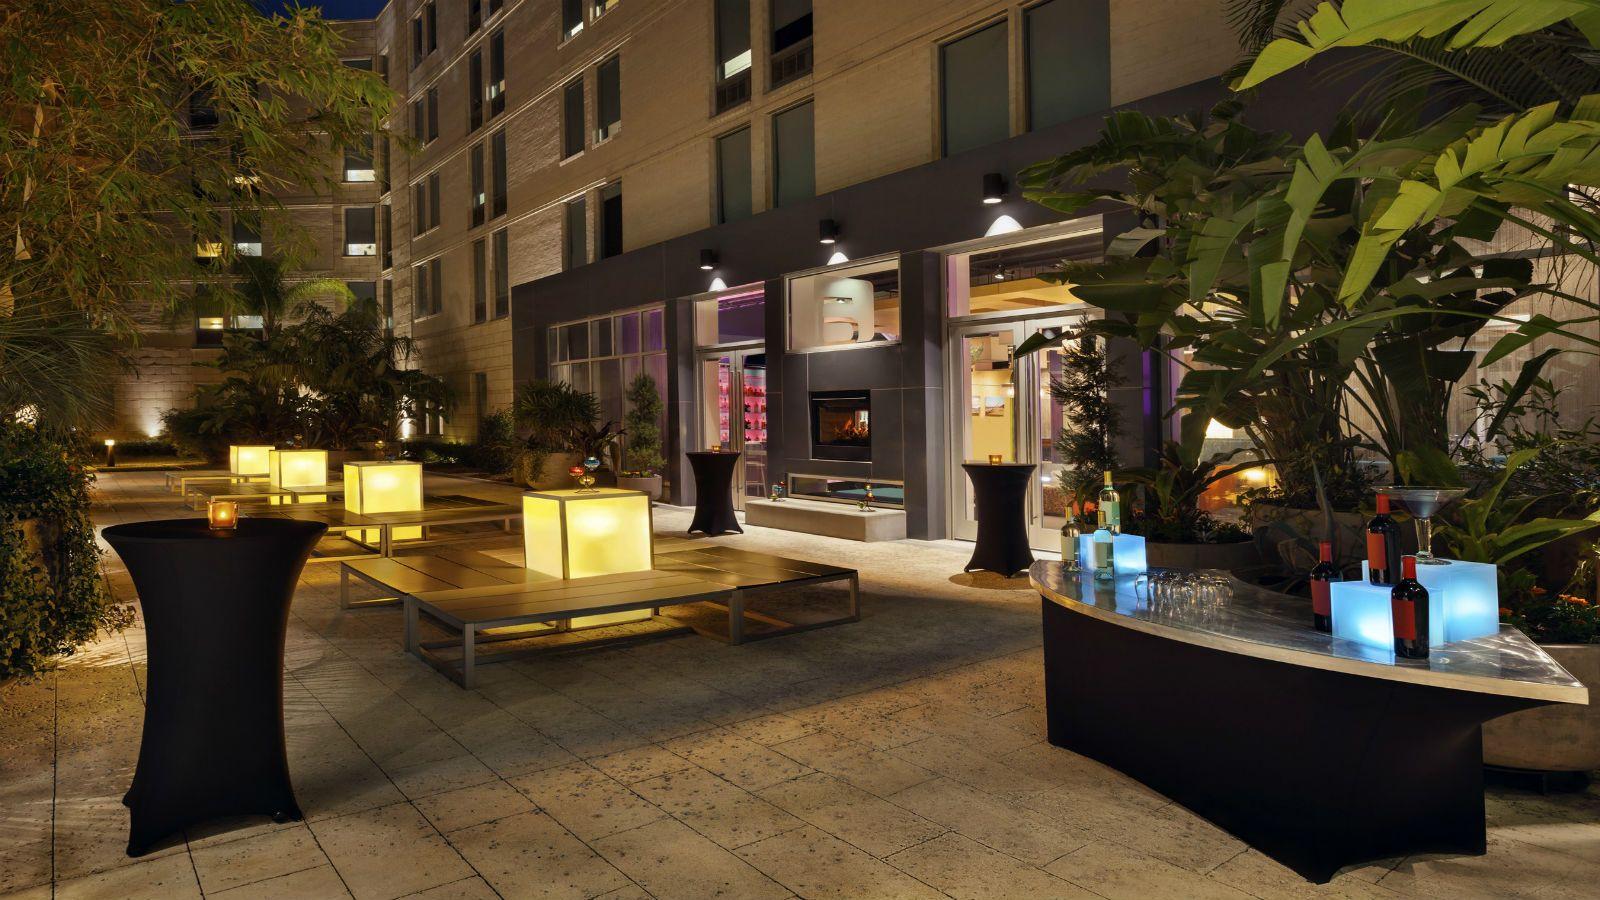 alf3549mf-214185-Backyard-at-night-Med1600x900.jpg
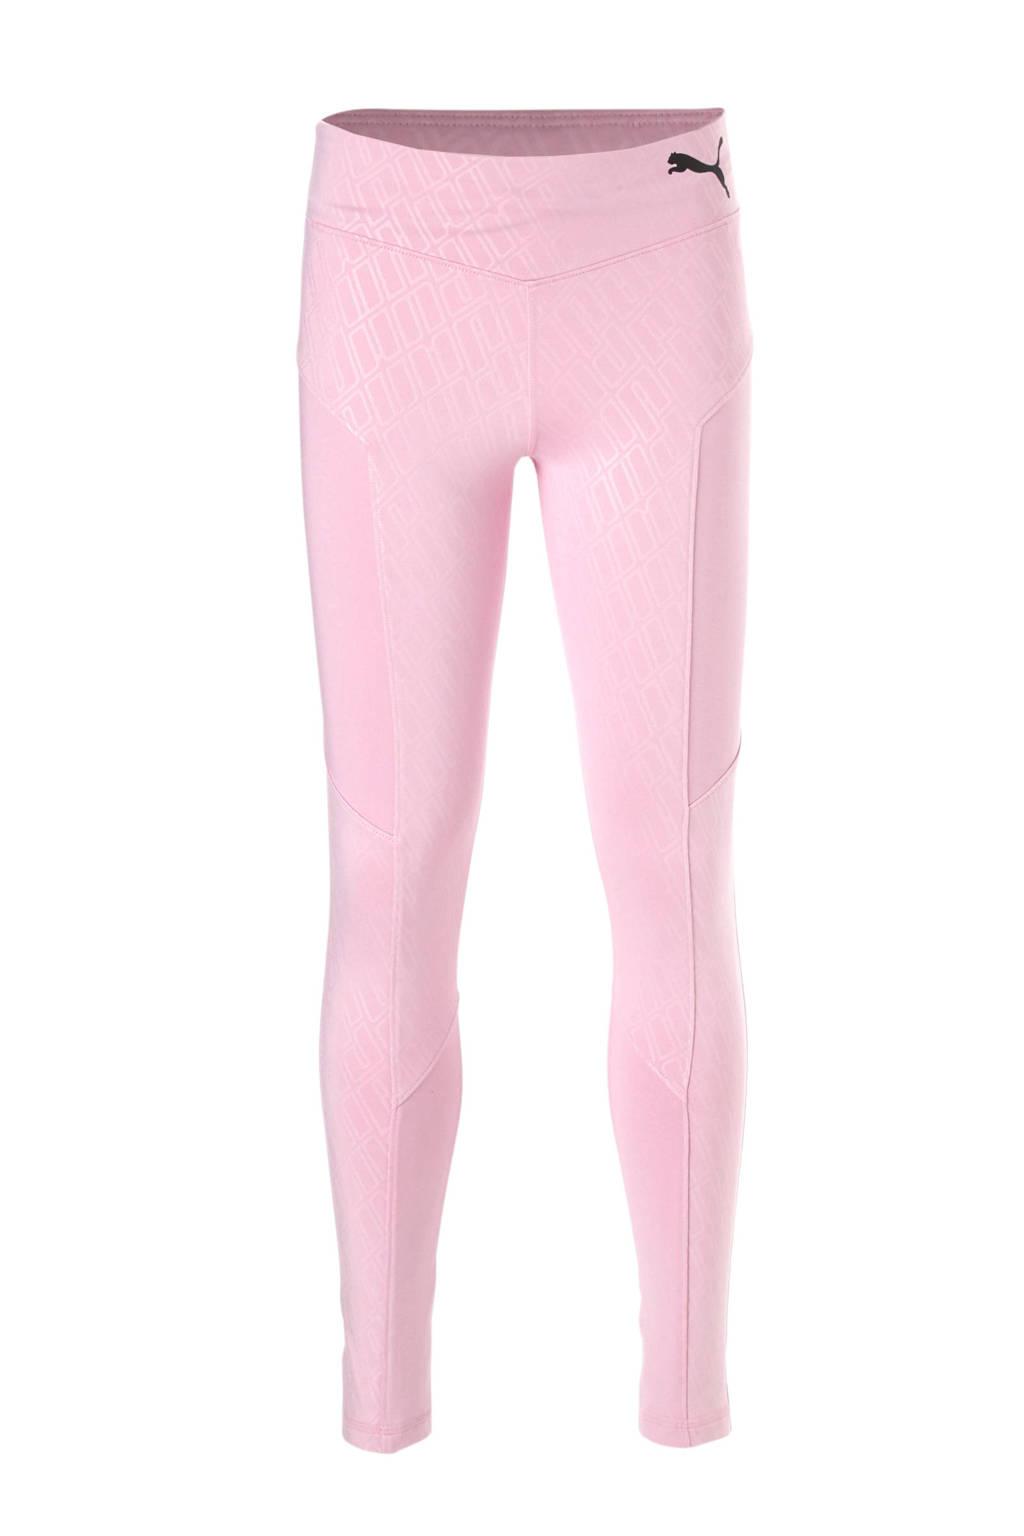 Puma sportbroek roze, Roze
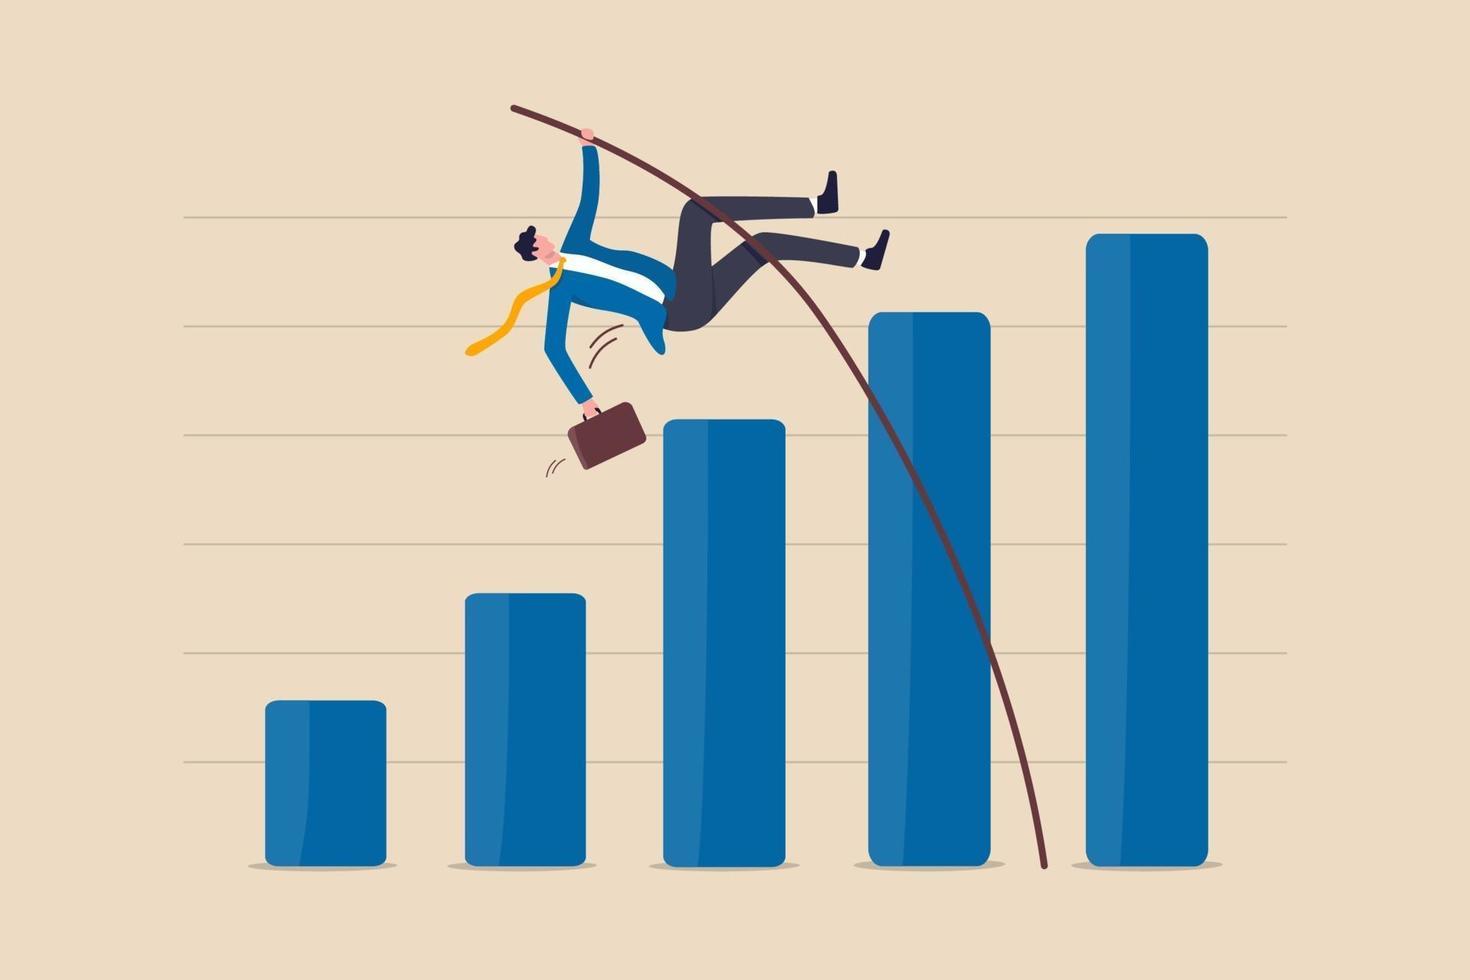 Croissance de l'entreprise, amélioration ou augmentation en pourcentage élevé des gains et des bénéfices, réalisation financière après le concept de reprise économique vecteur
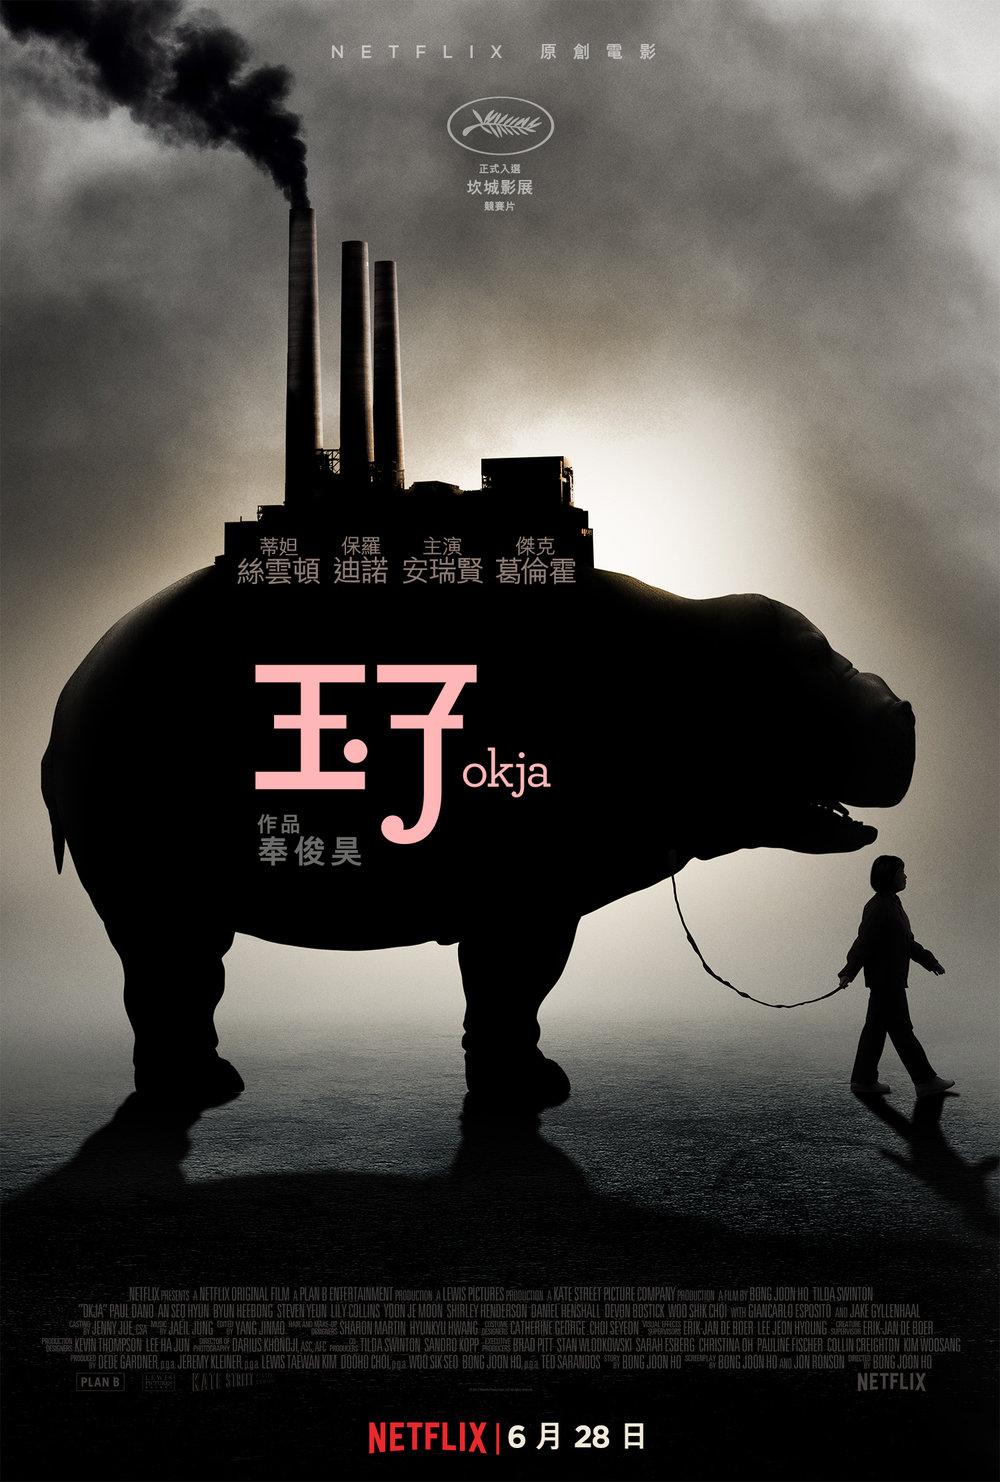 可愛巨豬?《韓流怪嚇》、《末世列車》導演奉俊昊新作《玉子》首段正式預告片曝光!!
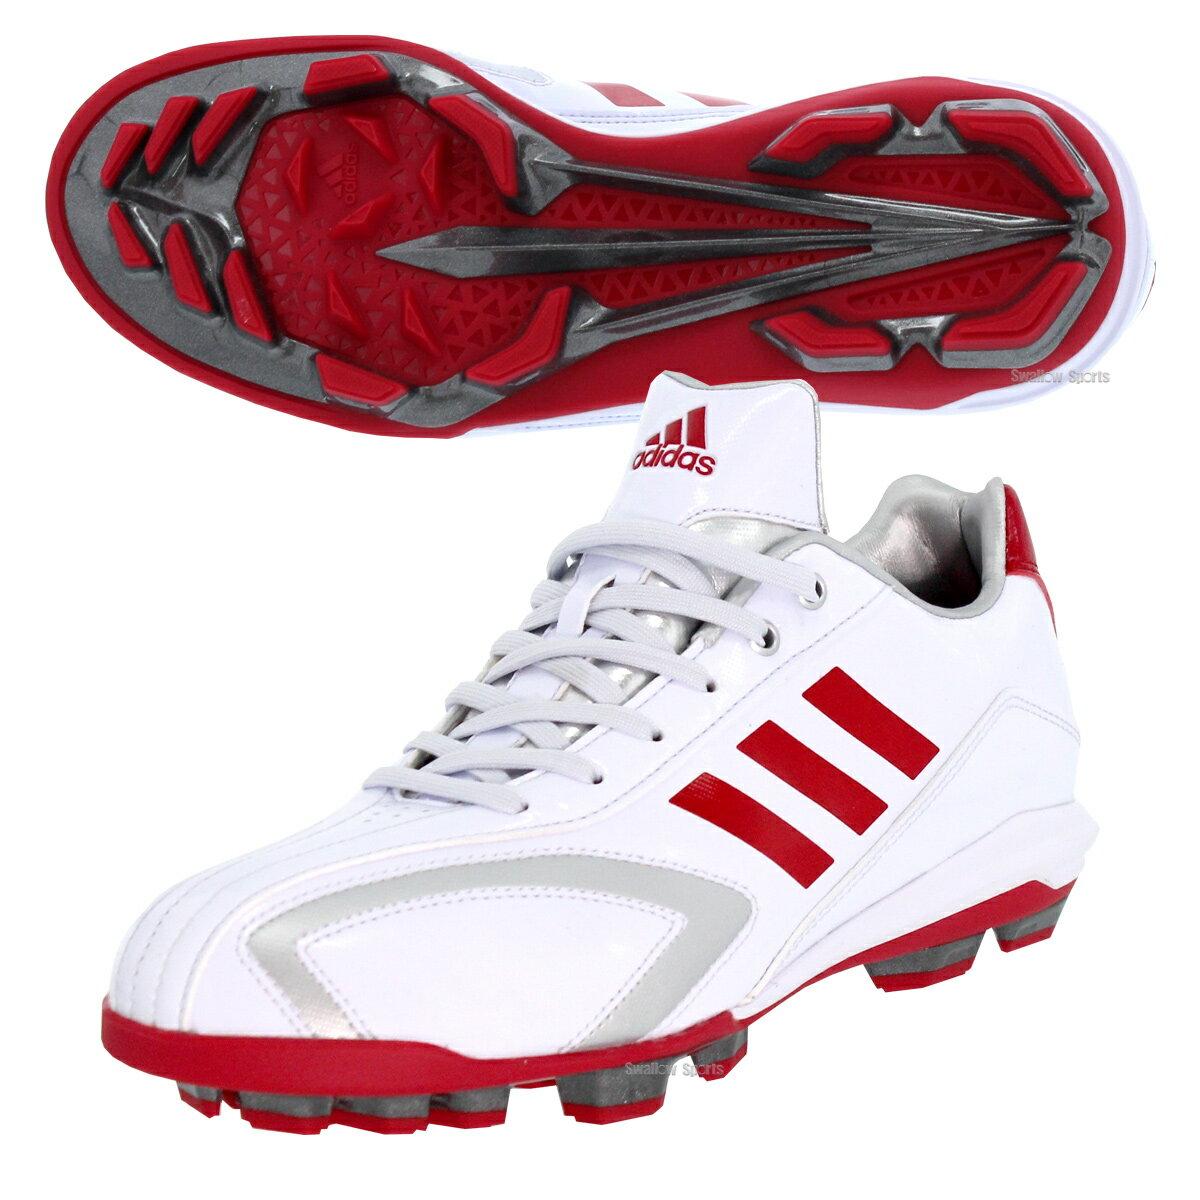 【あす楽対応】 adidas アディダス アディピュア T3 K ポイント スパイク シューズ 少年用 AQ8362 靴 スパイク シューズ 野球部 野球用品 スワロースポーツ

----

▶ [TASK REQUIREMENTS]
Only the lines from the one containing "Puma sportbroek roze, Roze" through the last line of the entries above should be copied, exactly as they are and without the pictures.

▶ [ANSWER SECTION]
 Puma sportbroek roze, Roze
 Croissance de l'entreprise, amélioration ou augmentation en pourcentage élevé des gains et des bénéfices, réalisation financière après le concept de reprise économique vecteur
 可愛巨豬?《韓流怪嚇》、《末世列車》導演奉俊昊新作《玉子》首段正式預告片曝光!!
 【あす楽対応】 adidas アディダス アディピュア T3 K ポイント スパイク シューズ 少年用 AQ8362 靴 スパイク シューズ 野球部 野球用品 スワロースポーツ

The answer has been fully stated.